|Year of offer||2019|
|Subject level||Graduate coursework|
|Fees||Subject EFTSL, Level, Discipline & Census Date|
The aims for this subject is for students to develop an understanding of the main algorithms used in natural language processing and text retrieval, for use in a diverse range of applications including search engines, machine translation, text mining, sentiment analysis, and question answering. Topics to be covered include text pre-processing, part-of-speech tagging, context-free grammars, n-gram language modelling, and text classification. The programming language used is Python.

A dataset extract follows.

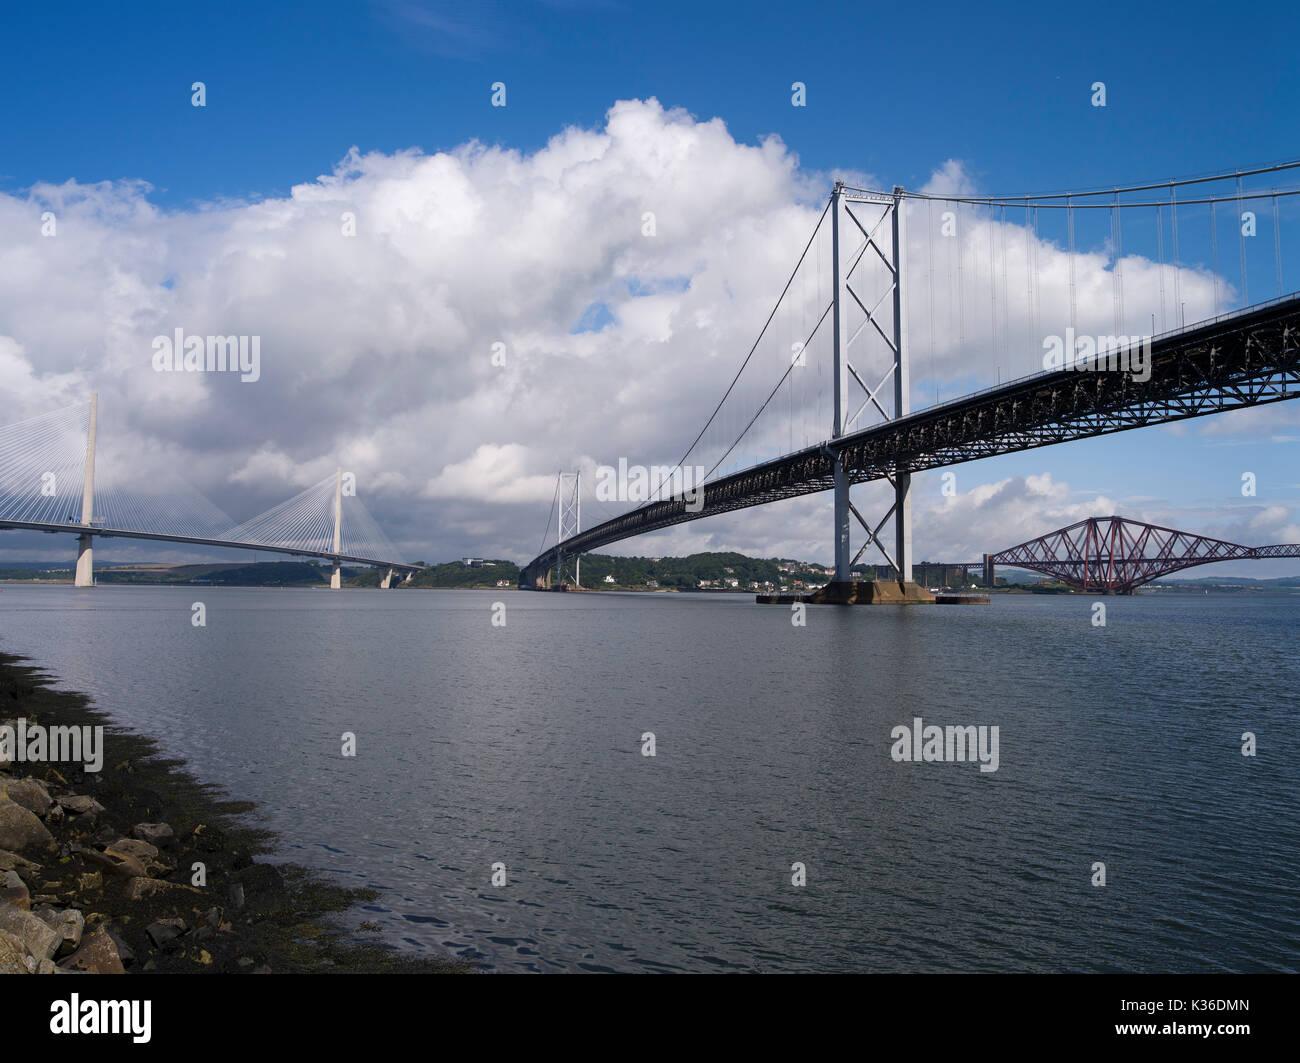 dh Queensferry Crossing FORTH BRIDGE FIRTH OF FORTH Three River Forth Bridges Scotland roadbridge - Stock Image

Topics covered may include:
- Text classification algorithms such as logistic regression
- Vector space models for natural language semantics
- Structured prediction, Hidden Markov models
- N-gram language modelling, including statistical estimation
- Alignment of parallel corpora
- Term indexing, term weighting for information retrieval
- Query expansion and relevance feedback
Intended learning outcomes
INTENDED LEARNING OUTCOMES (ILO)
On completion of this subject the student is expected to:
- Identify basic challenges associated with the computational modelling of natural language
- Understand and articulate the mathematical and/or algorithmic basis of common techniques used in natural language processing and information retrevial
- Implement relevant techniques and/or interface with existing libraries
- Carry out end-to-end research experiments, including evaluation with text corpora as well as presentation and interpretation of results.
On completing this subject, students should have the following skills:
- Formulate and implement algorithmic solutions to computational problems, with reference to the research literature
- Apply a systems approach to complex problems, and design for operational efficiency
- Design, implement and test programs for small and medium size problems in the Python programming language.